I think this steps too close to the possibilty of mental issues interfering with procreation rights.
Hypotheticly, Lets say a person has severe ADD or ADHD? What if that control mechanism stands in the way of that person having a child? Even if that person can live by his/herself, and the child will be just fine?
Not to go too far into a conspiracy frame of thought, but, what if it went to the point of genetic prohibition?
Hypotheticly Like, *Enforcement mechanism states* :
“You have genes that will give this child cancer…manslaughter. You do not have the rights to bear children, we will be sterilizing you from (so and so date) and will no longer be able to have kids.”
Additionally, we already regulate who may and may not adopt children — barring people who are considered unfit to be a parent from adopting.
It is duplicitous to not extend this screening to everyone wanting to have a child.
“Wanting” is not a necessary criteria for childbearing. If all pregnancies were “wanted”, I’d wager at least a large chunk of the salient societal distress would disappear. To point out the obvious, adoption *can* be controlled (sufficiently so, for the purpose of this discussion). So we return to implementation (or, how to “control” childbearing), which, as you say, is the “bugaboo”. There are several means of “implementation” that come to mind. But could it be, at least in part, that the “bugaboo” here *also* involves disregarding miles of important precursory ground? In this hypothetical situation, how will human rights issues be addressed? How will you even begin to discuss such a loaded topic (with other people, people with, dare I say, marked emotionality, on the topic) in a manner that is productive? How would it be about greater societal good rather than megalomaniacal annoyance? What about alternatives? How, even, might it become a collaborative societal endeavour (which might then negate the aforementioned megalomaniacal annoyance, as well as many of the human rights conflicts)?
(Seemingly contrary to what you wrote, the bugaboo is a bugaboo, in part, because it cannot involve disregarding the “miles of important precursory ground”.) Though i’ve rarely been labelled a diplomat, i would imagine that one vector with which to broach the topic with the greater population would be to couch it in terms of available resources — that we as a society/country/planet do not have the resources required for the population growth; perhaps make currently-more-scholastic notions like a ‘demographic trap’ into more household terms.
That all being wished for, that type of intellectual discussion has been apparently ineffective in recent decades concerning other resource-related issues (oil consumption, for example).
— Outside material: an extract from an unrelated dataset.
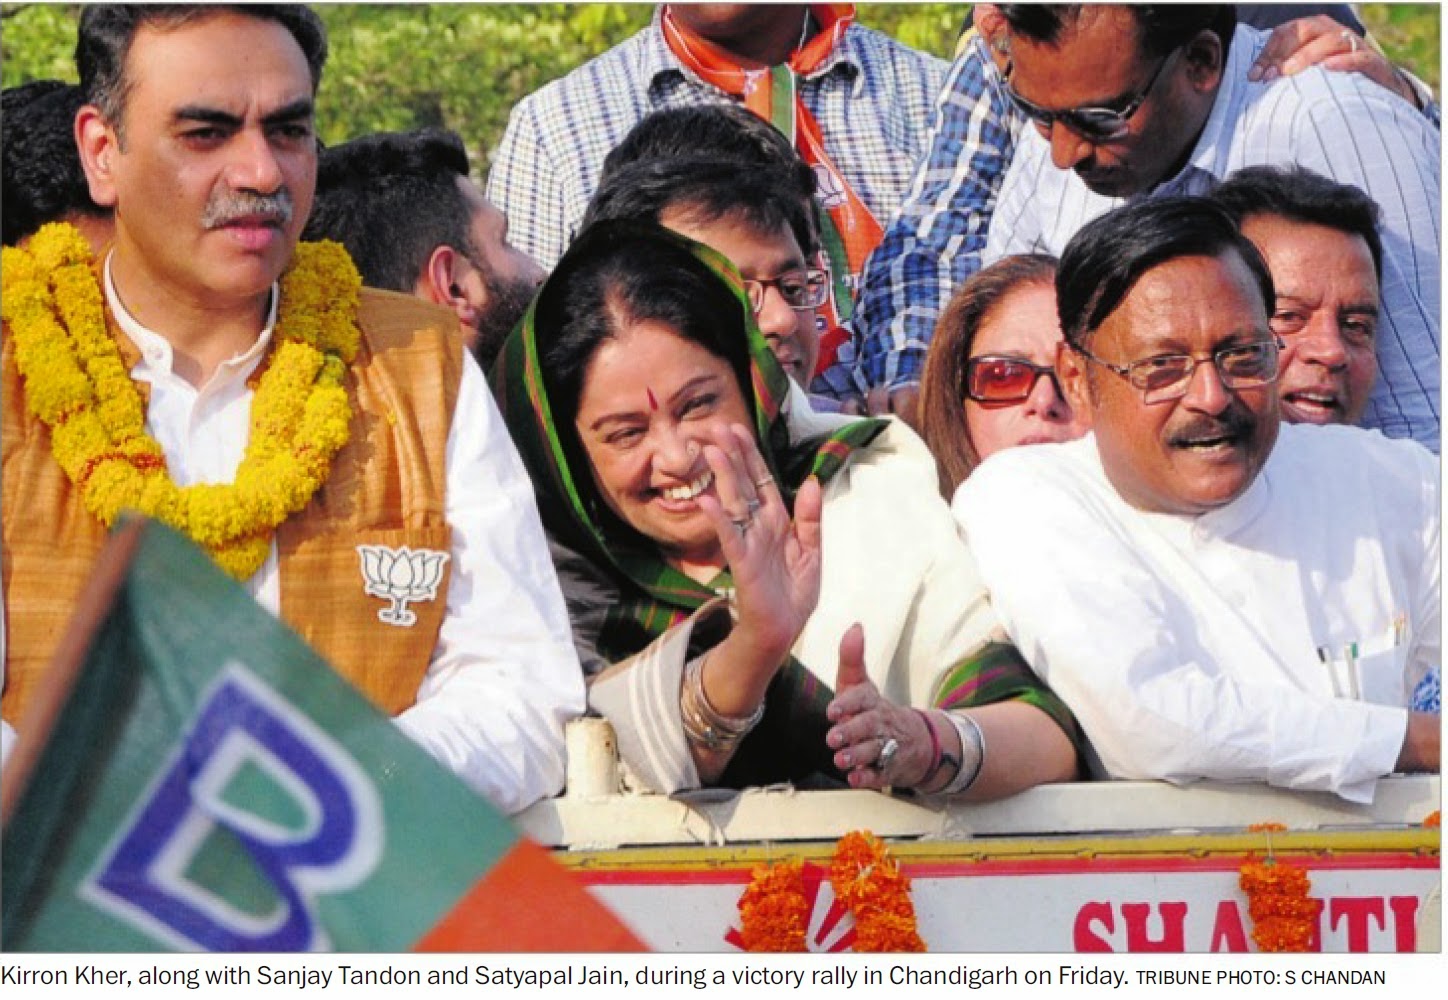 Kirron Kher along with Satya pal Jain, during a victory rally in Chandigarh on Friday

So, i’d have no pride lost at lumping this into the pile of tilting-at-windmills.
Lastly, WRT human rights issues: as i attempted, and perhaps failed, to set forth in the article, i think that labelling procreation as a ‘human right’ is part of the problem here; as long as it gets that sort of quasi-immunity, there’s not much likelihood that a discussion on procreative rights would get traction.
Ah, no, that is exactly the meaning I intended to convey: that a productive discourse on this subject cannot involve disregarding the “miles of important precursory ground.” The “bugaboo” being that it usually is (disregarded).
As for the human rights issue, you were clear in your position that it should not be a human rights issue. However, in order to have a productive discourse with other humans, it may be useful to understand the perspective and its importance, and to acknowledge it as a “this is annoying but necessary accommodation in my argument.”